AyannaI have a really eclectic taste, and I play different kinds of music. I don’t like to limit anything that I do to one genre, if possible. When the idea of the Radicle Sounds playlist was presented to me, I combed through my music and identified songs that connect with nature. I went through every single song I had on Spotify and old playlists, and pulled out key words. You’ll see quite a few songs that have similar names, whether it’s spring or flowers. Then I was listening to the songs and deciding how and where they could fit together. You’re gonna hear reggae, some soul, and a little bit of hip hop. The playlist reflects an energy of renewal. I think a lot of people who listen to my radio shows would characterize my sound as uplifting, but also kind of medium energy. I’m not a high energy dance DJ all the time. I also like music that can help inspire reflection and create a good feeling. I hope that comes across in these songs.
nia Absolutely, it really captures the mood and the season well. Where does this playlist take you when you listen to it? Is there a specific place or energy?
AyannaThis playlist takes me to this time of year, when we’re noticing the sun again, noticing the trees again, and noticing the flowers again. It’s like this promise of spring that always returns to us. In New York, winter can just be such an indoor time. For a lot of the year it’s dark, so it can get really depressing in the cold. Thankfully, I live in a neighborhood that has a lot of nature, so you really notice when the season is changing. You’re seeing the blooms and the blossoms and this music feels like that energy. It feels like we’re back again after waiting so long. We paid our dues and now we can rejoice in this new time and have a reunion with nature. Spring is also so special to me since it’s my birthday season.
nia That’s beautiful. It is such a celebratory time of transition. What’s your overall process when curating music?
AyannaI have a huge bank of music and an internal filing system that helps to figure out what to pull and what’s appropriate and what’s not. With a playlist like this, I spend a lot of time on streaming platforms. Spotify is at the center of it all. I have a lot of liked songs. I also use Tidal quite a bit. Streaming platforms are a great organizing tool. I also have a vinyl collection that I’m always trying to keep organized in my brain. And finally, I have Serato, my DJ software, that’s my other bank of music. Organization is key. That is the first step before I can be thoughtful and creative.
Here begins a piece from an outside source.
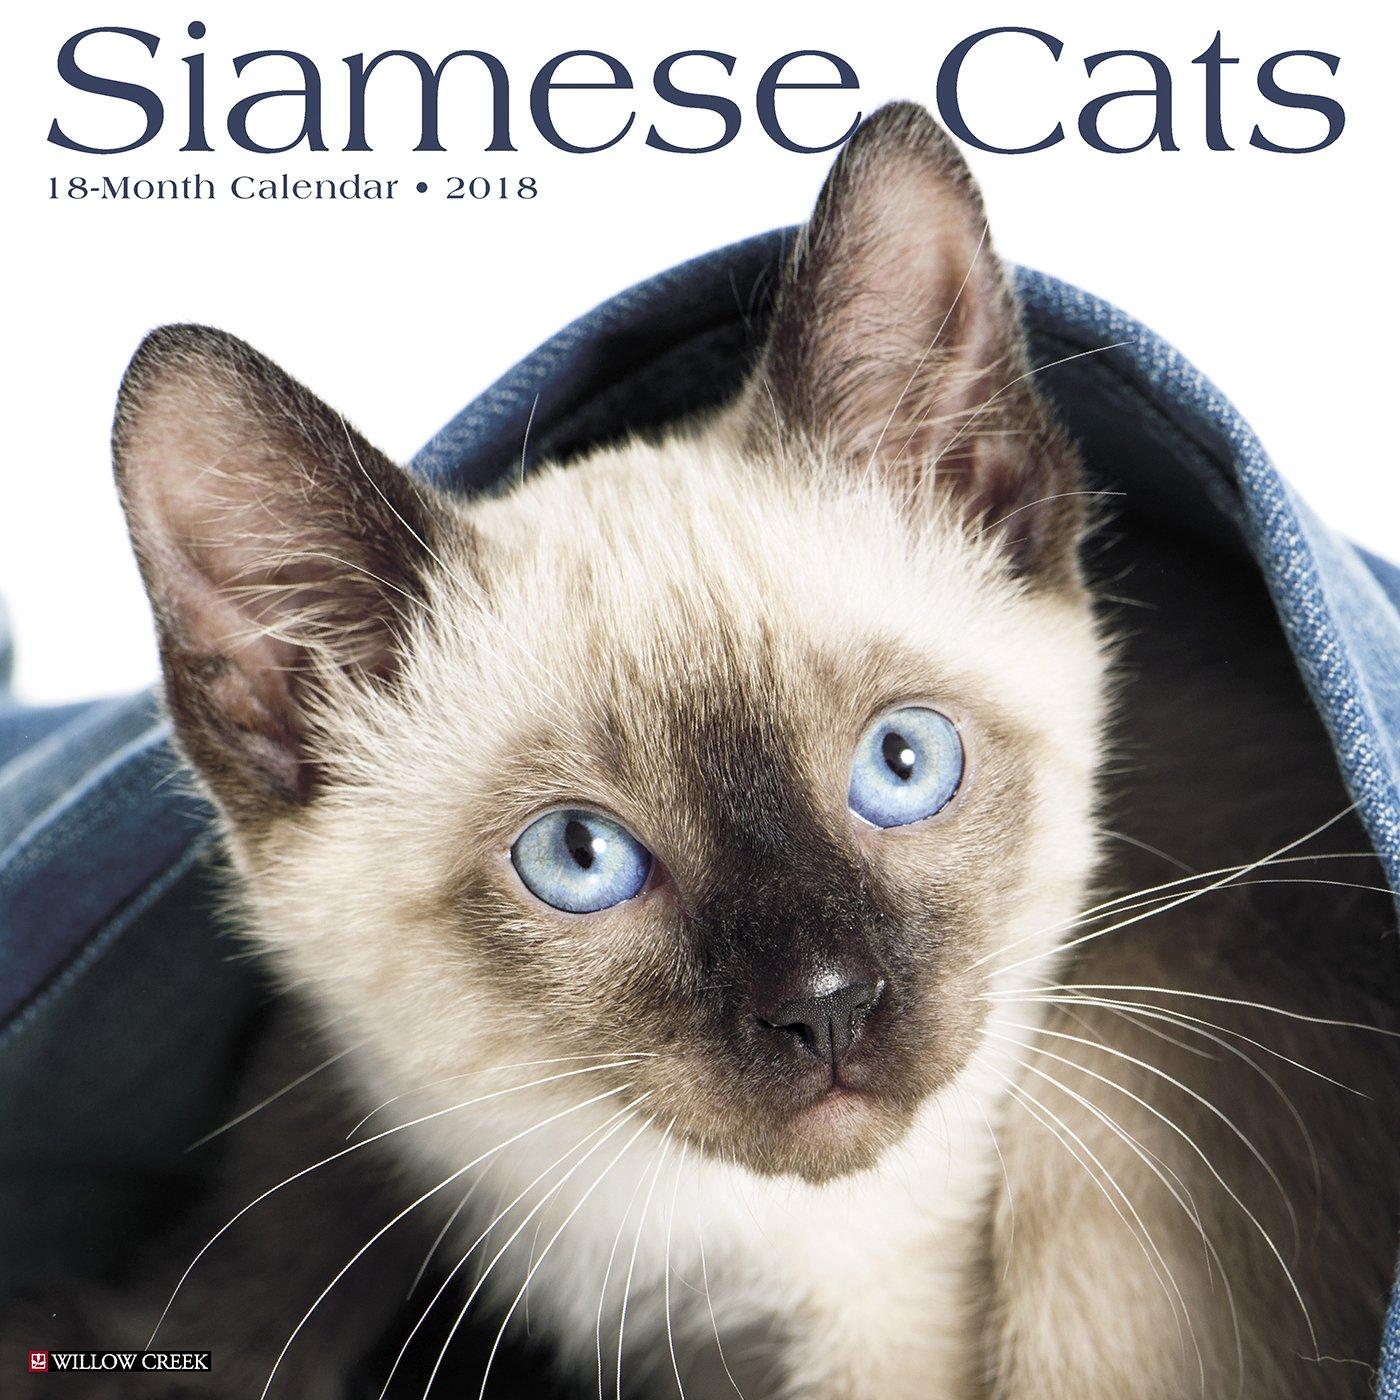 Siamese Cats 2018 Calendar Willow Creek Press

nia What is your favorite way and/or place to be in nature?
AyannaI love parks. Prospect Park is my favorite. There’s a really nice meadow there that I just love. I will spend hours sitting out in the grass. It’s a reprieve from the loud sounds and everything that comes with being in a city. The park is a huge refuge for me.
I also love going back home to Jamaica, where I live in a very natural place surrounded by trees and flowers and lots of fruit and vegetables. When I’m there, whether it’s at home or being outside with nature and my dogs, that’s another place of refuge for me. I also love the beach.
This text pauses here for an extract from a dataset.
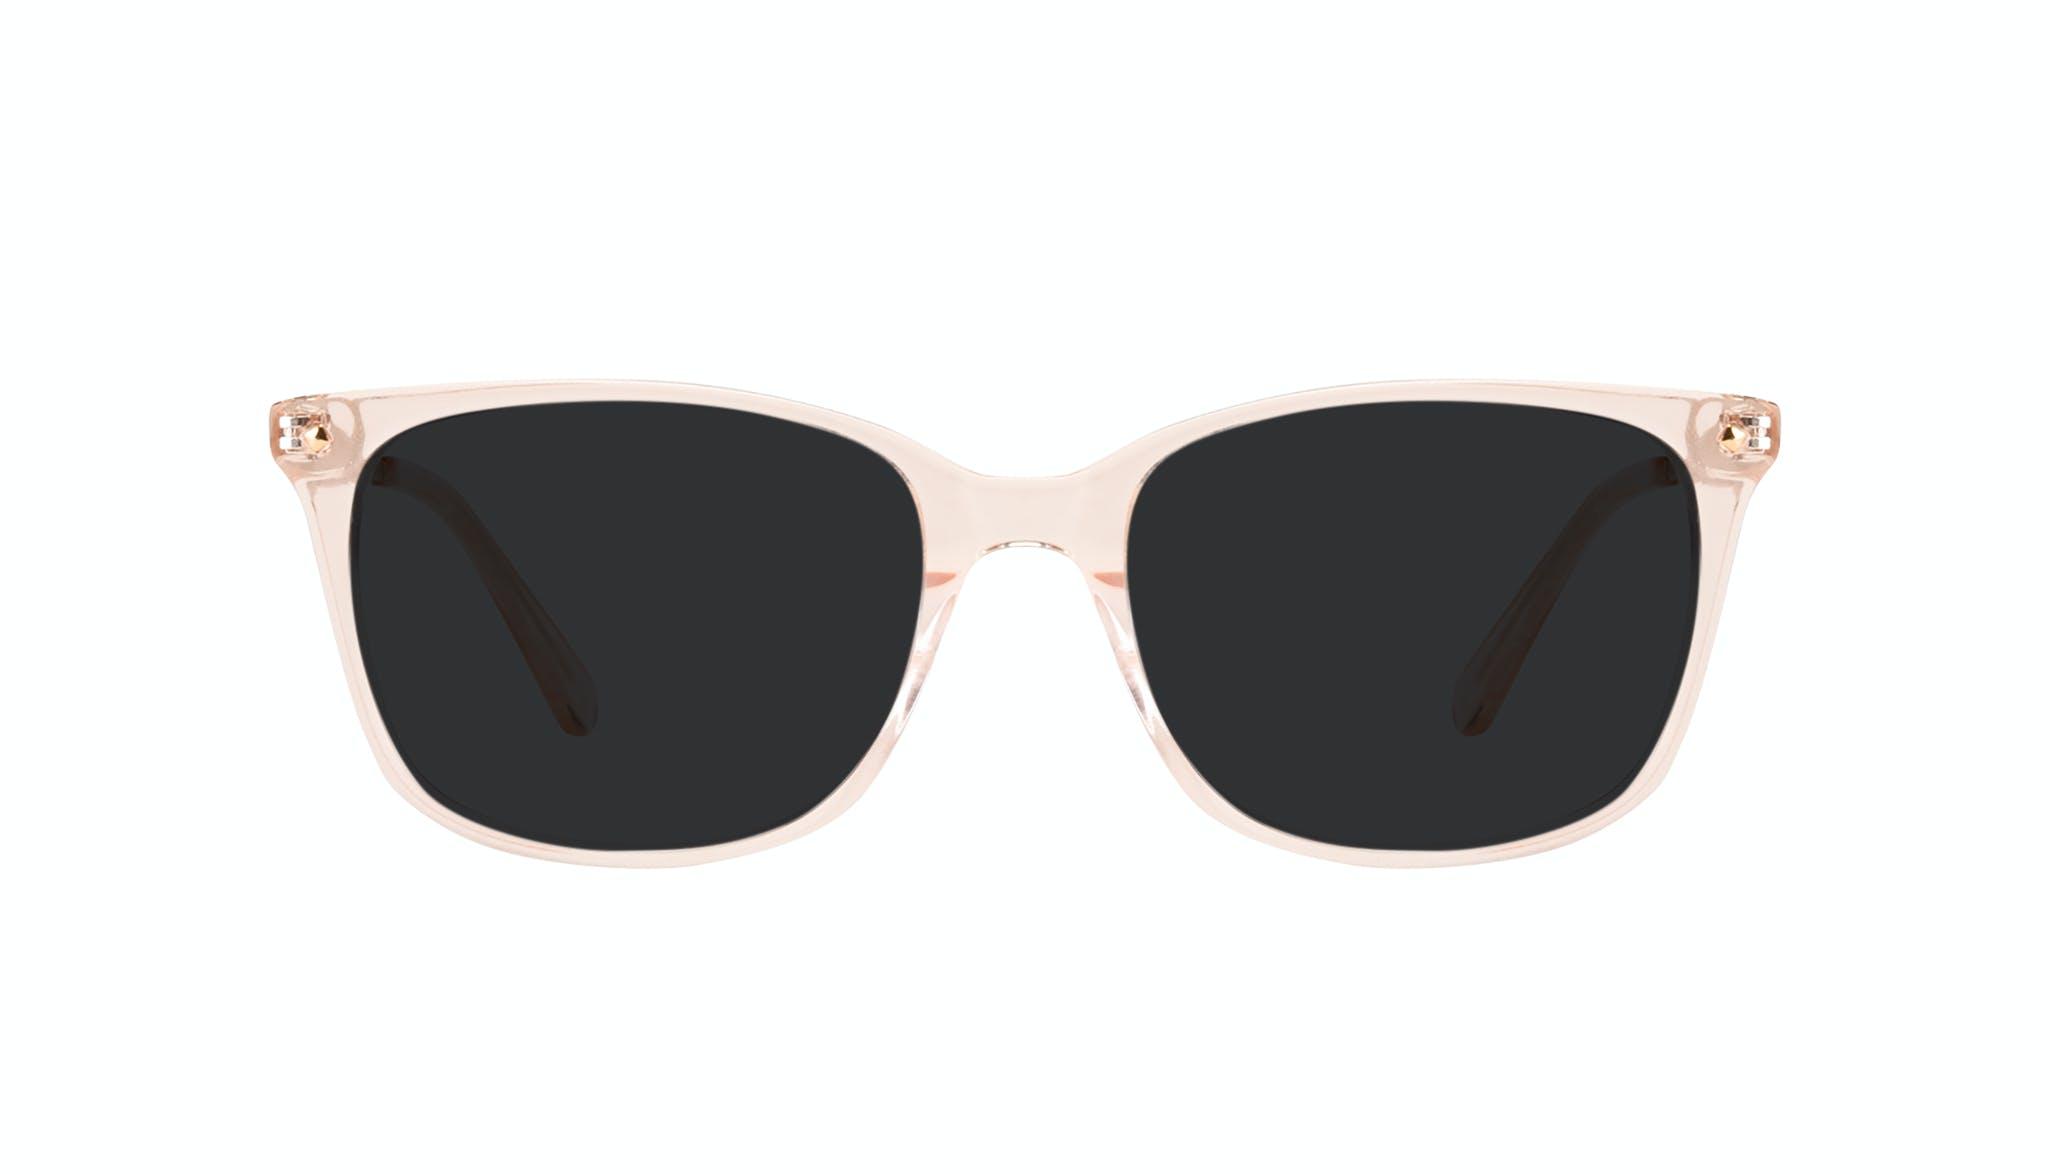 Affordable Fashion Glasses Rectangle Square Sunglasses Women Refine Blond Front

nia What are three words to describe how you want people to feel when they listen to this playlist?
AyannaEnergized, reflective, peaceful.
nia What is your favorite thing about springtime?
AyannaI’m such a flower girl. I love blooms, trees with flowers, and small flower beds. In the city it is such a treat when you’re walking around and you encounter a block that has nice nature. I’ll stop and look at any beautiful flower I see. When I see the blooms of spring, it re-energizes me.
nia Can you share a few emerging artists that you want people to know about?
AyannaI am really liking a song by Mystic Marley right now. She is the granddaughter of Bob Marley, daughter of Stephen Marley, who’s also an awesome musician in his own right. She has this beautiful new song called Energy. There’s a really great artist named Real Intentions. He has a song called Season of Change. The Far East out of Brooklyn and The Frightnrs out of Queens are both great bands and good friends of mine. I tend to gravitate towards reggae and soul funk. And I love seeing new takes on both of those sounds.